The dam, if completed, would inundate Tilathi, Rampura, Malhaniya, Sakarpura, Bisrihaya, Koiladi and Barsain, among other VDCs on the Nepali side.
What happened in Saptari is not an isolated incident. Every year, Indian authorities build several infrastructures along the no-man’s land, including dams, embankments and roads. This poses no issue during the dry season, but in the monsoon, the infrastructures become a source of misery for thousands of Nepalis.
Locals report that the issue of flooding on the Nepali side was repeatedly brought to the attention of both Indian and Nepali authorities over the years, but it fell on closed ears. Out of desperation, locals decided to take matters into their own hands. This time, the residents of Tilathi were determined not to give in.
Years of pent-up anger and frustration led to violent confrontation on the border. New Delhi continues to adopt a high-handed approach in border areas to harass and frustrate Nepali citizens.
It should be noted that Kathmandu is also guilty of ignoring the situation for far too long. Former District Development Committee Member, Dev Narayan Yadav, says that the public were forced to take action after both the Chief District Officer in Saptari and ministers in Kathmandu ignored their calls for help.
Even when the situation exploded, Indian authorities were still reluctant to step in to resolve the dispute. It was only after day three that they agreed to put off construction for now.

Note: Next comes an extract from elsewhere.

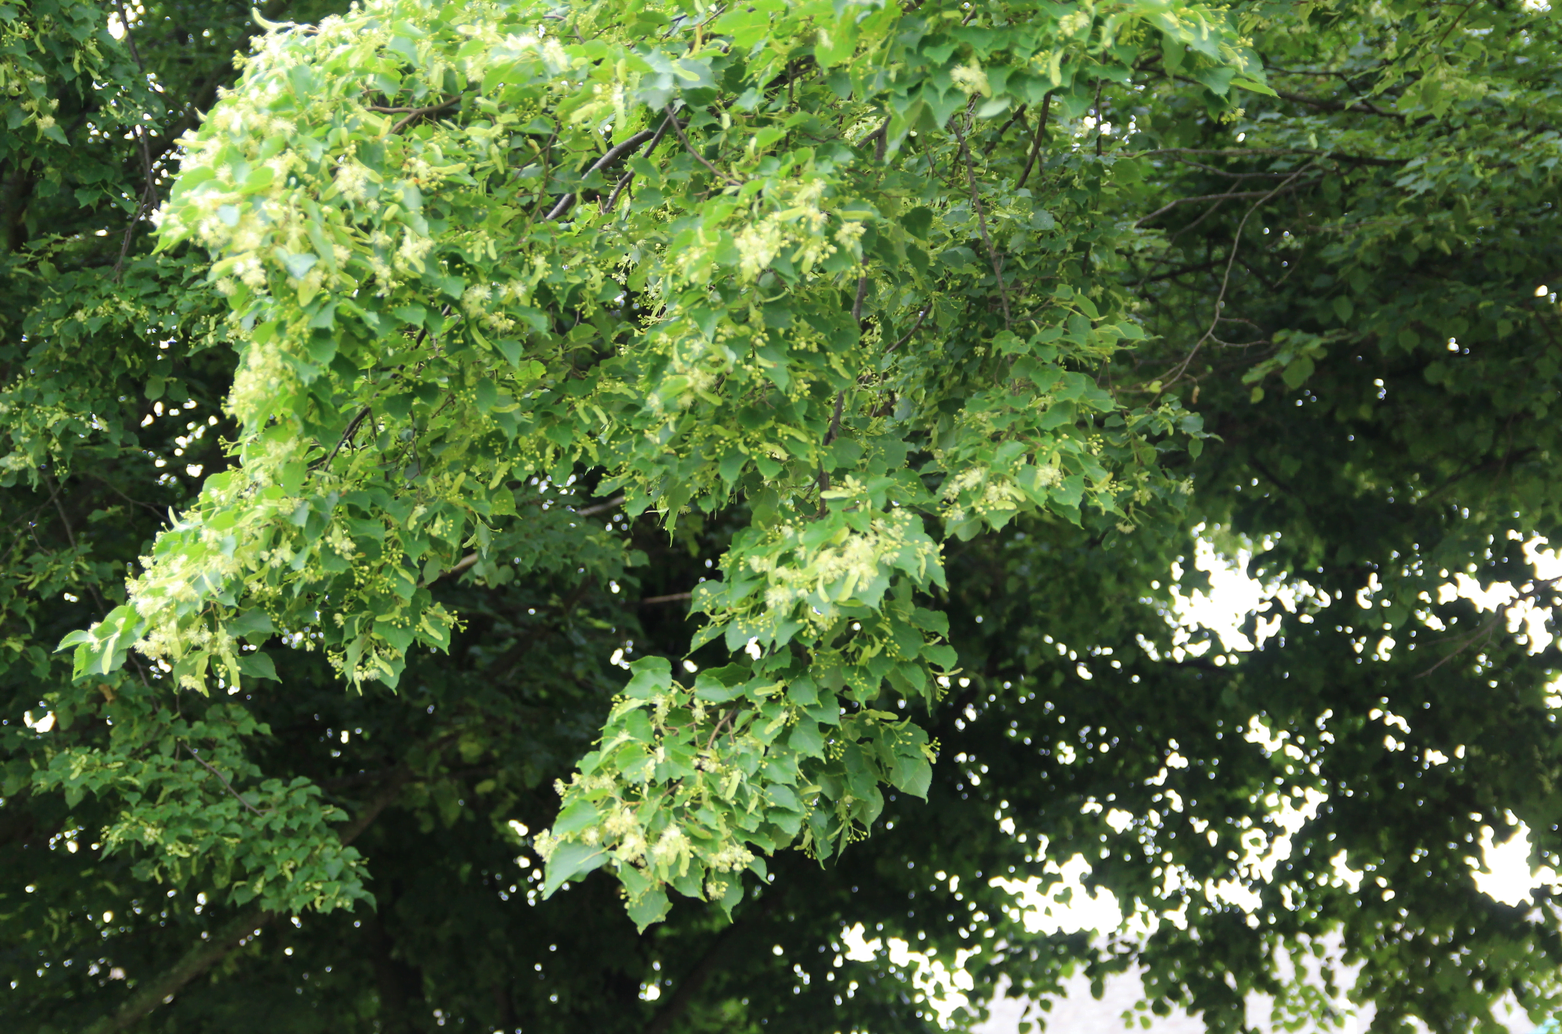 Close up of flowering Linden tree at Hamilton Avenue School. June 20, 2019 Photo: Leslie Yager

The issue is both local and national at the same time. Every year, there are reports of flooding on the Nepali side in Banke, Kailai and several other districts as a result of Indian infrastructures placed right on the border that obstruct the flow of hundreds of rivers traversing through Nepal into India. Many say the construction is intentional to prevent flooding on the Indian side.
New Delhi is, perhaps, underestimating how these incidents could snowball into a major diplomatic row. It has failed to appreciate how it causes untold suffering to Nepalis. Moreover, India has failed to uphold a basic principle and practice that is internationally accepted: consult and seek approval from a neighbouring country before building infrastructure in the border area. Therefore, the onus lies on New Delhi, as a party that has committed repeated violations of internationally accepted norms on construction along the border, to show seriousness in addressing grievances on the Nepali side.